TASK GOAL: This exercise calls for retyping every line below exactly, with the images omitted.

RECORDED DATA:
..........

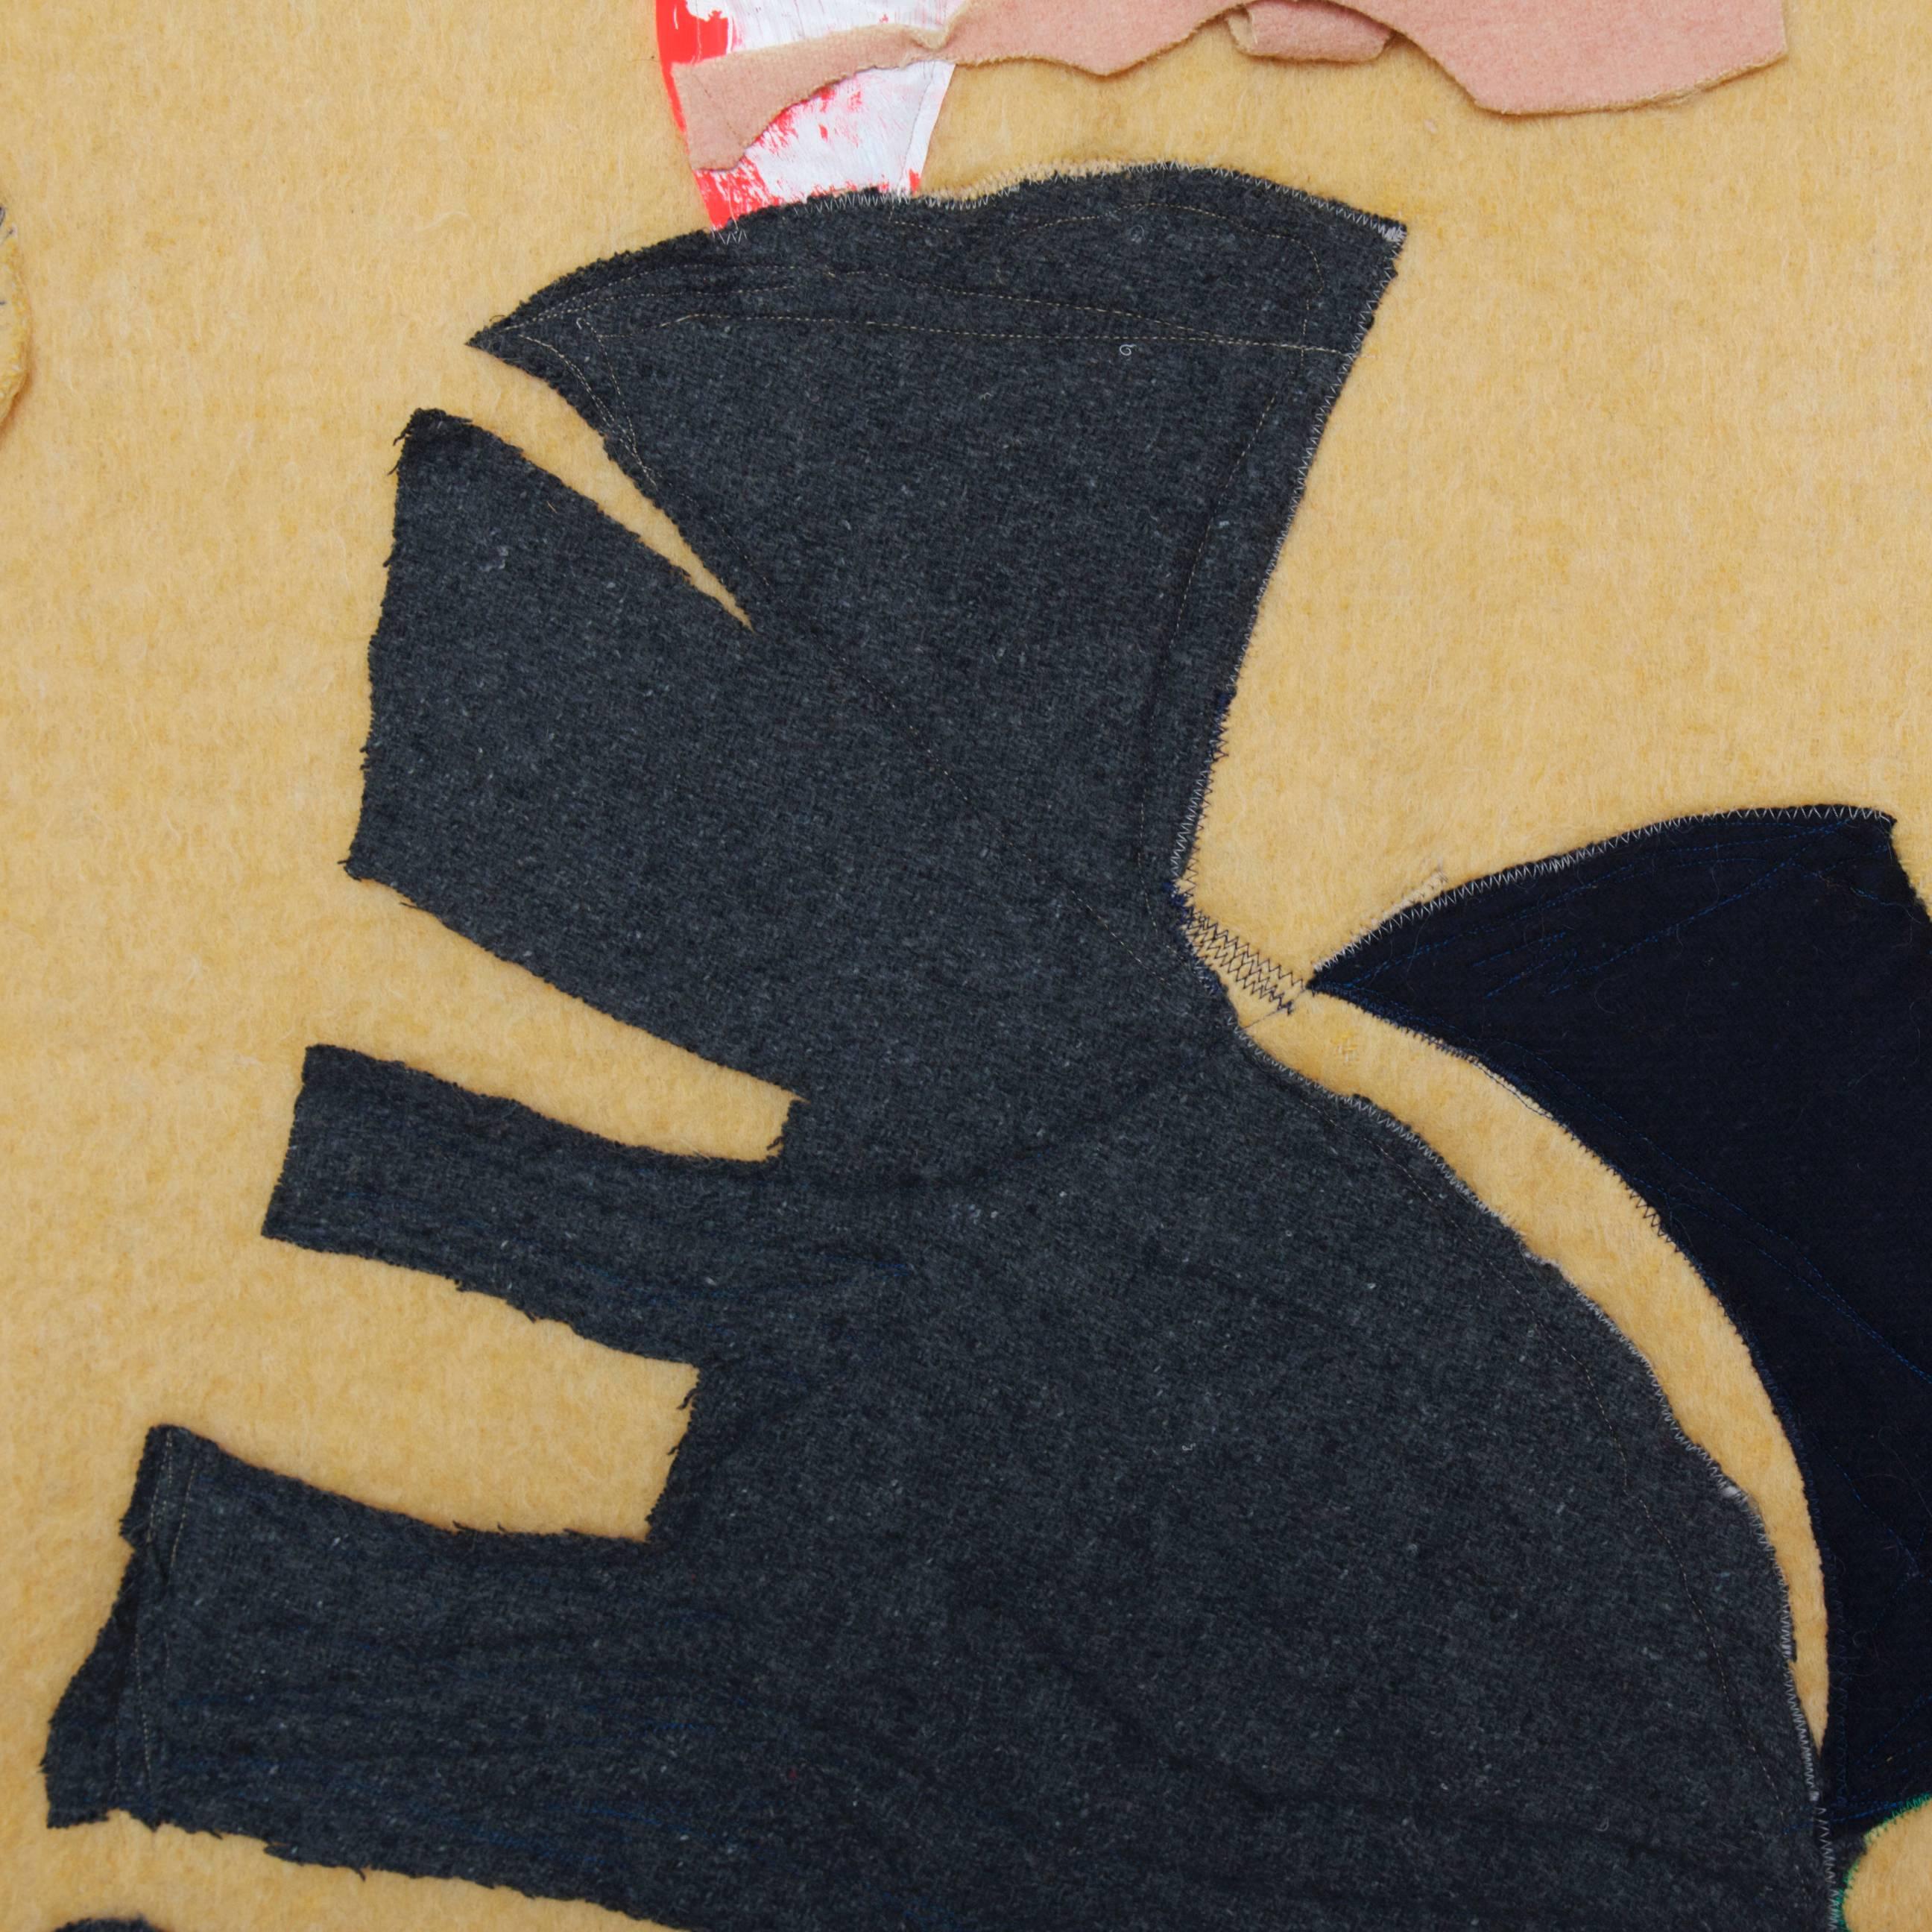 Hergestellt im Jahr 2009 von Naomi Clark

Wolldecke mit Bemalung und Applizierung

Naomi Clarks Quiltbilder werden aus alten Campingdecken hergestellt, die sie bei Ebay, auf Flohmärkten und bei Garagenverkäufen erworben hat. Sie gestaltet die alten
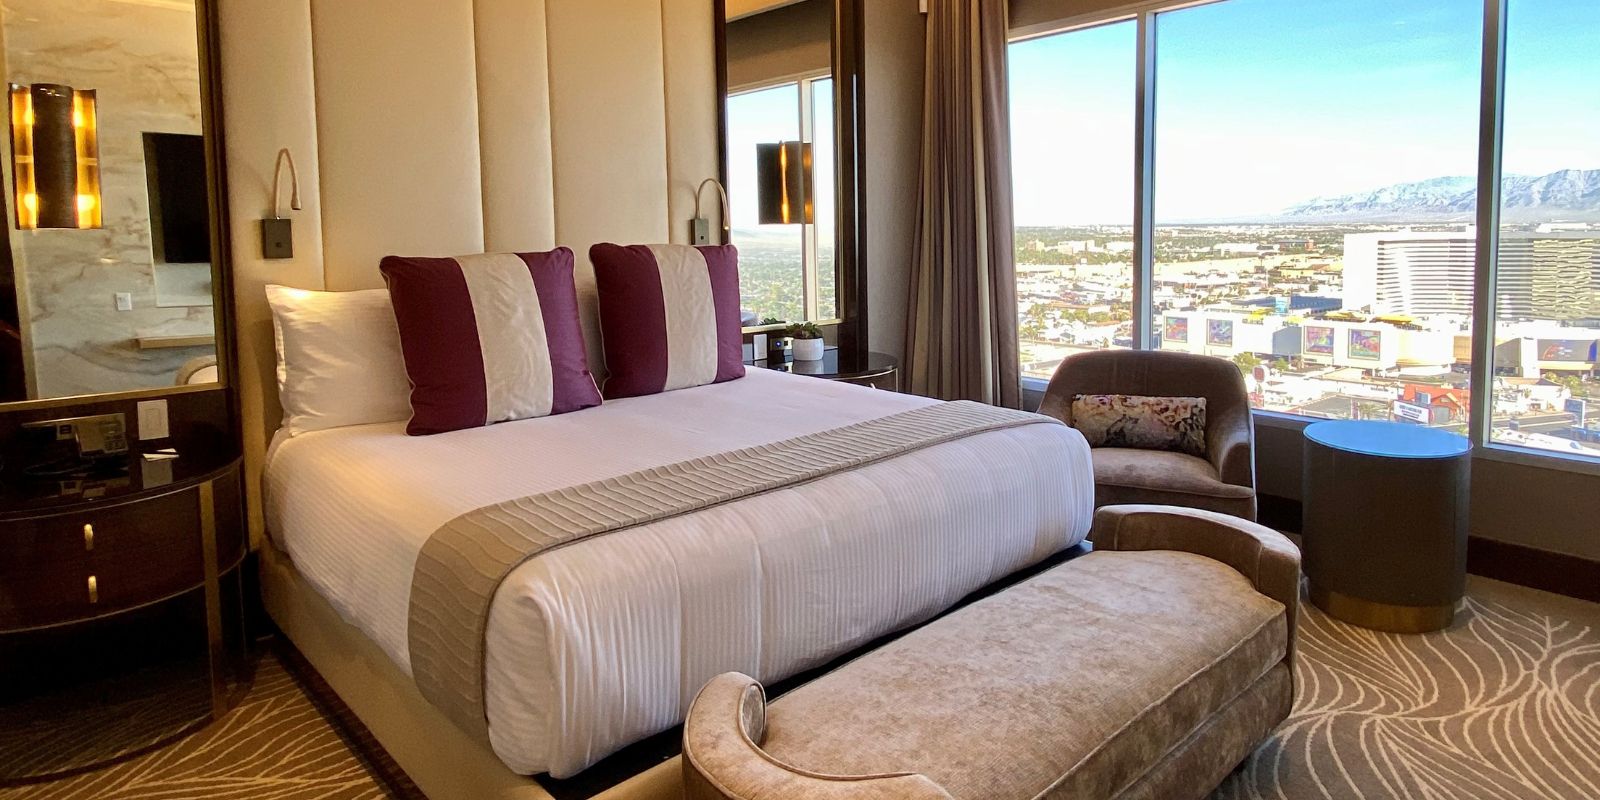 Hotel Rooms & Suites, Grand Sierra Resort

..........

SOLUTION TO THIS TASK:
 Hergestellt im Jahr 2009 von Naomi Clark

Wolldecke mit Bemalung und Applizierung

Naomi Clarks Quiltbilder werden aus alten Campingdecken hergestellt, die sie bei Ebay, auf Flohmärkten und bei Garagenverkäufen erworben hat. Sie gestaltet die alten
 Hotel Rooms & Suites, Grand Sierra Resort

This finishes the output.